It used to run on a dedicated Windows 2003 server and MS SQL 2012 database before being outsourced to a French hosting company, OVH, which doesn't allow HTTP connections to online betting sites, basically making it useless. A decision that wasn't mine in anyway, but basically stopped my BOT from working.

It used to run as a Windows Service using Betfair's Exchange API to automatically create betting systems and then place bets based on systems with a rolling ROI > 5% over the last 30 and 100 days.

I am trying to get the BOT working on a local laptop and therefore it had already been backed up, the files FTP'd down to my laptop and restored in a local MS SQL Express database. 

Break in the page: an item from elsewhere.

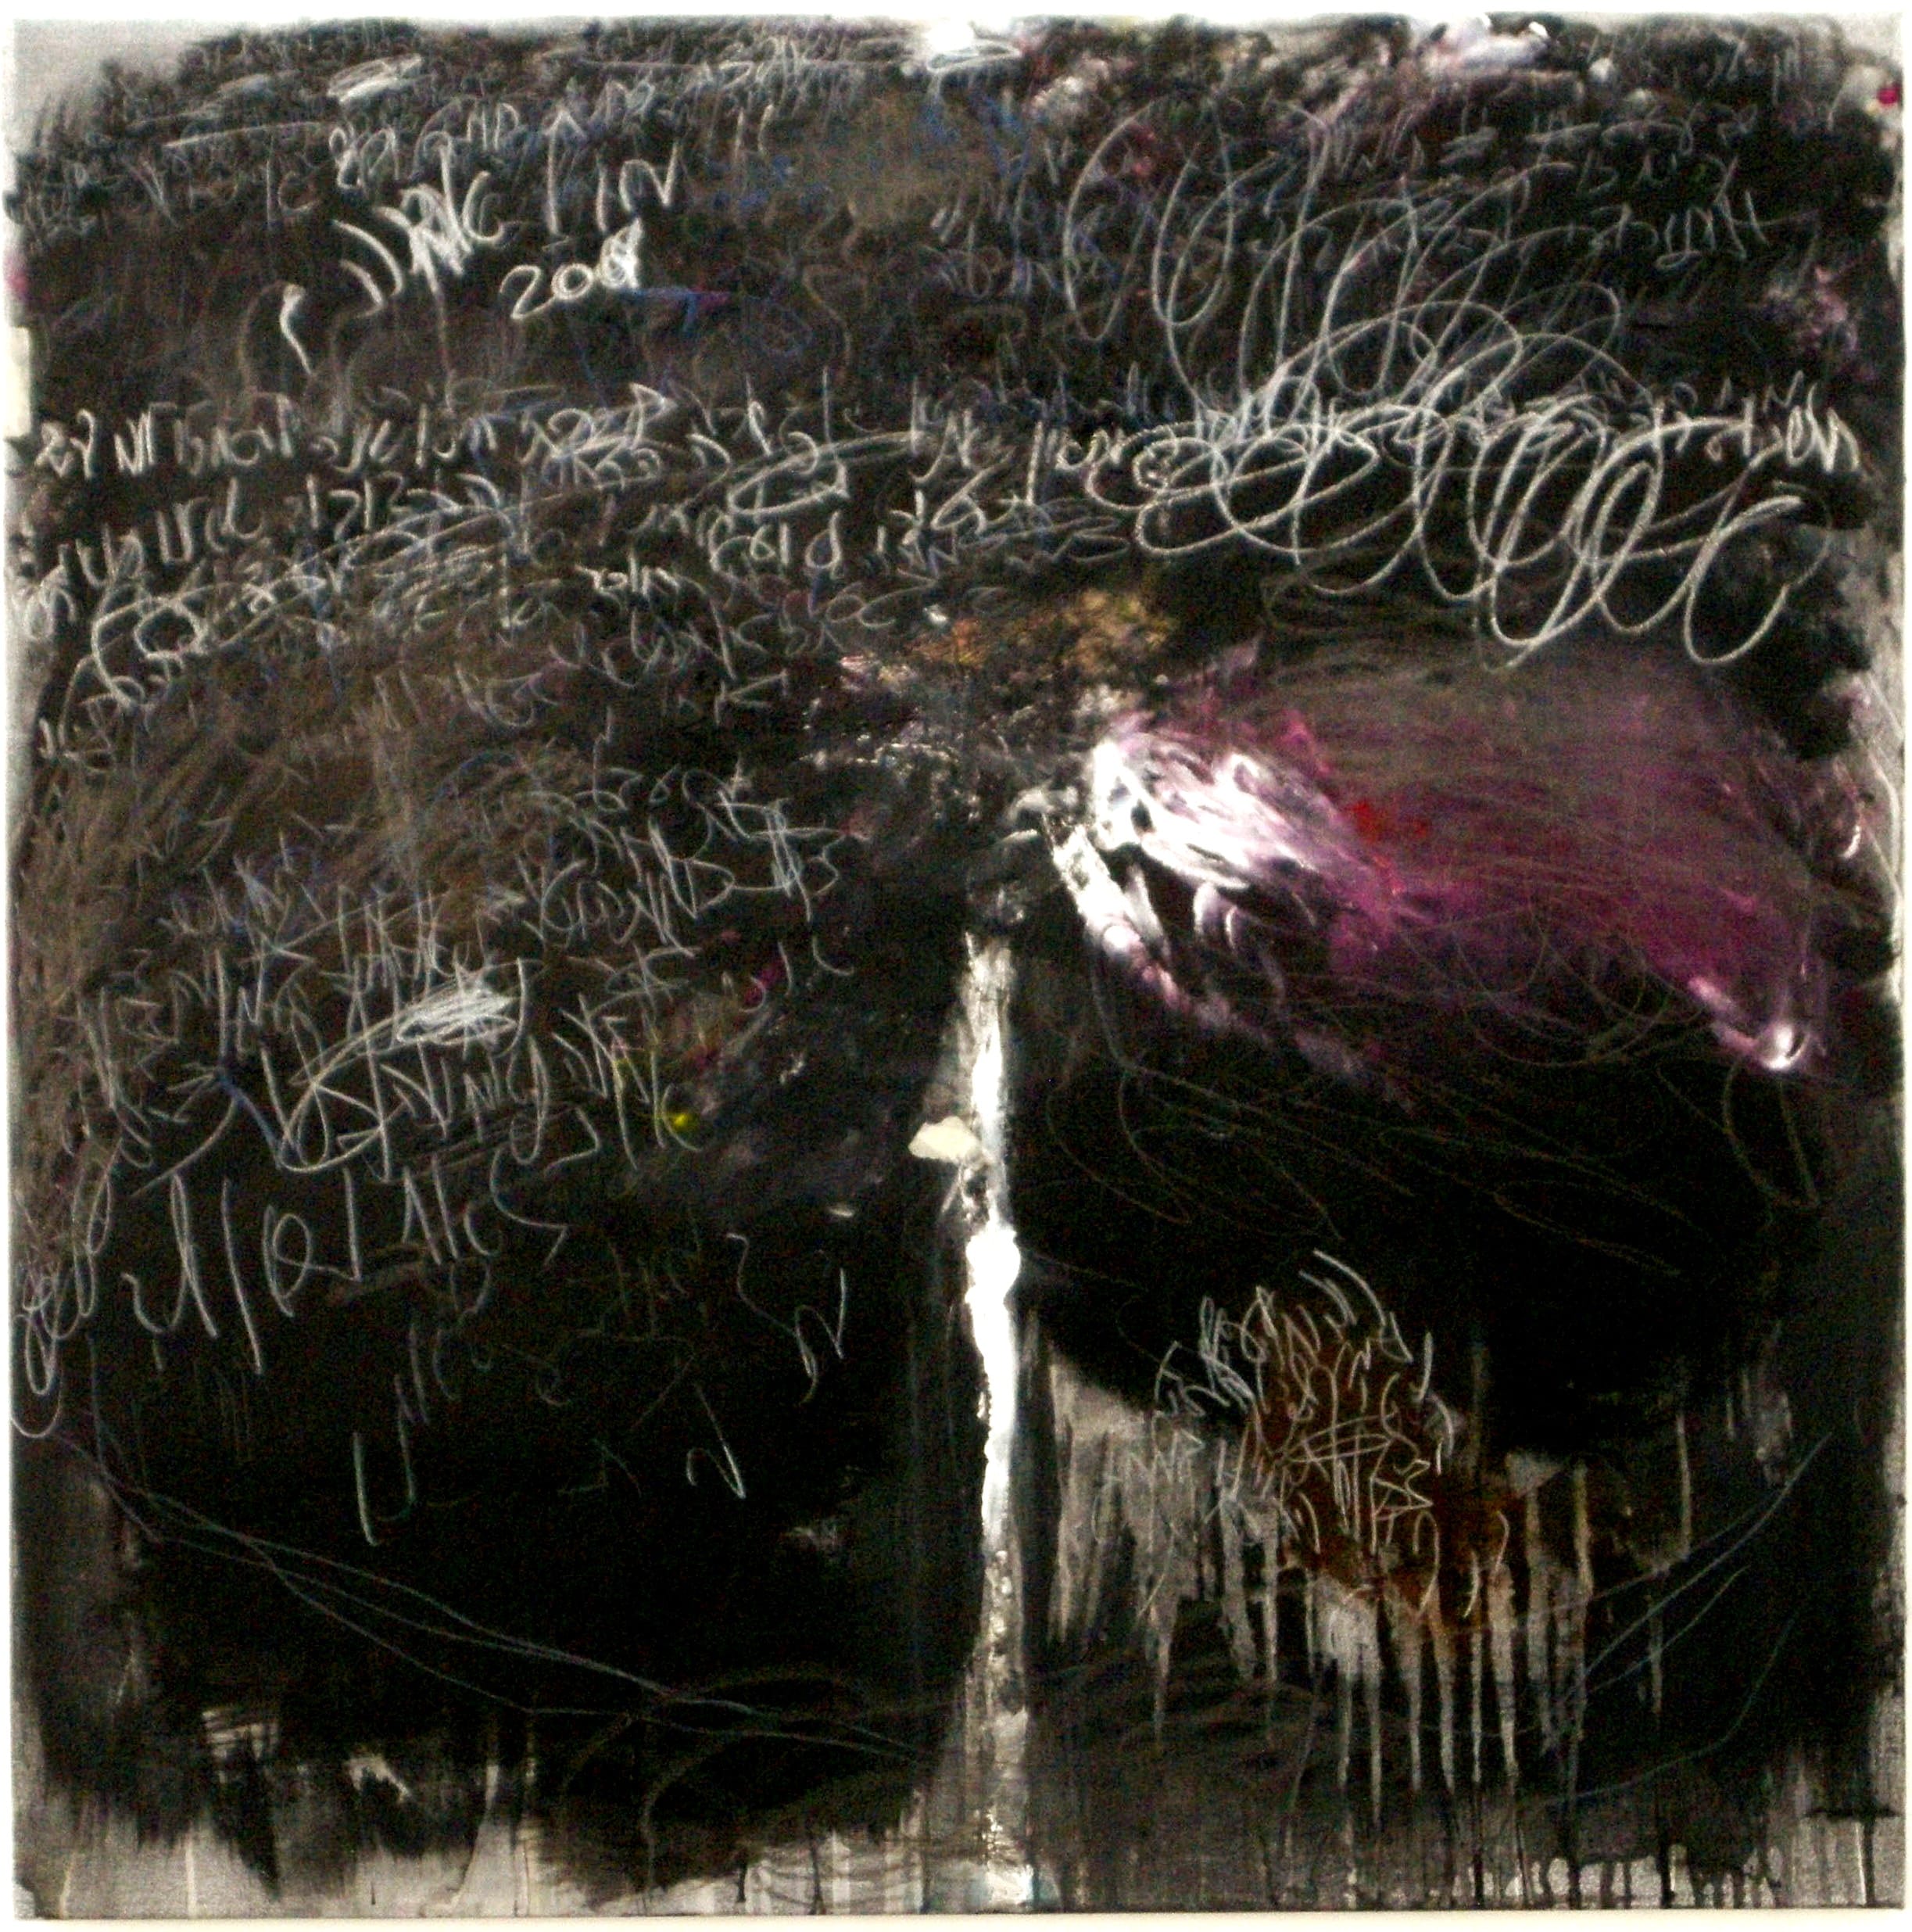 אמיל אברהם, "פרחים עצובים", 2009. מקום-לאמנות, תל-אביב

However it seems that I had some issues when I previously attempted this some time ago as the database now had a different collation, a number of tables were now empty and had been scripted across without indexes and there was a collation difference between many columns and the new DB collation.

Just changing the Databases collation over isn't a simple act on it's own if numerous table column collations are different as well, especially those used in Indexes or Primary Keys as those references need to be removed before the collation can be changed.

A simple fix when it's only a small issue with one column might be to just edit the SQL where the issue arises and use a COLLATE statement so that any WHERE clause or JOIN uses the same collation e.g


SELECT  MemberID, MemberName
FROM MEMBERS 
WHERE MemberName COLLATE SQL_Latin1_General_CP1_CI_AI = @Name

However when you have a large database and the issue is that half your tables are one collation, the other another, and you need to decide which to move to, and then it becomes more difficult.

My new Database was using the newer SQL_Latin1_General_CP1_CI_AI collation whilst a subset of the tables were still using the older collation from the servers copy of the database Latin1_General_CI_AS.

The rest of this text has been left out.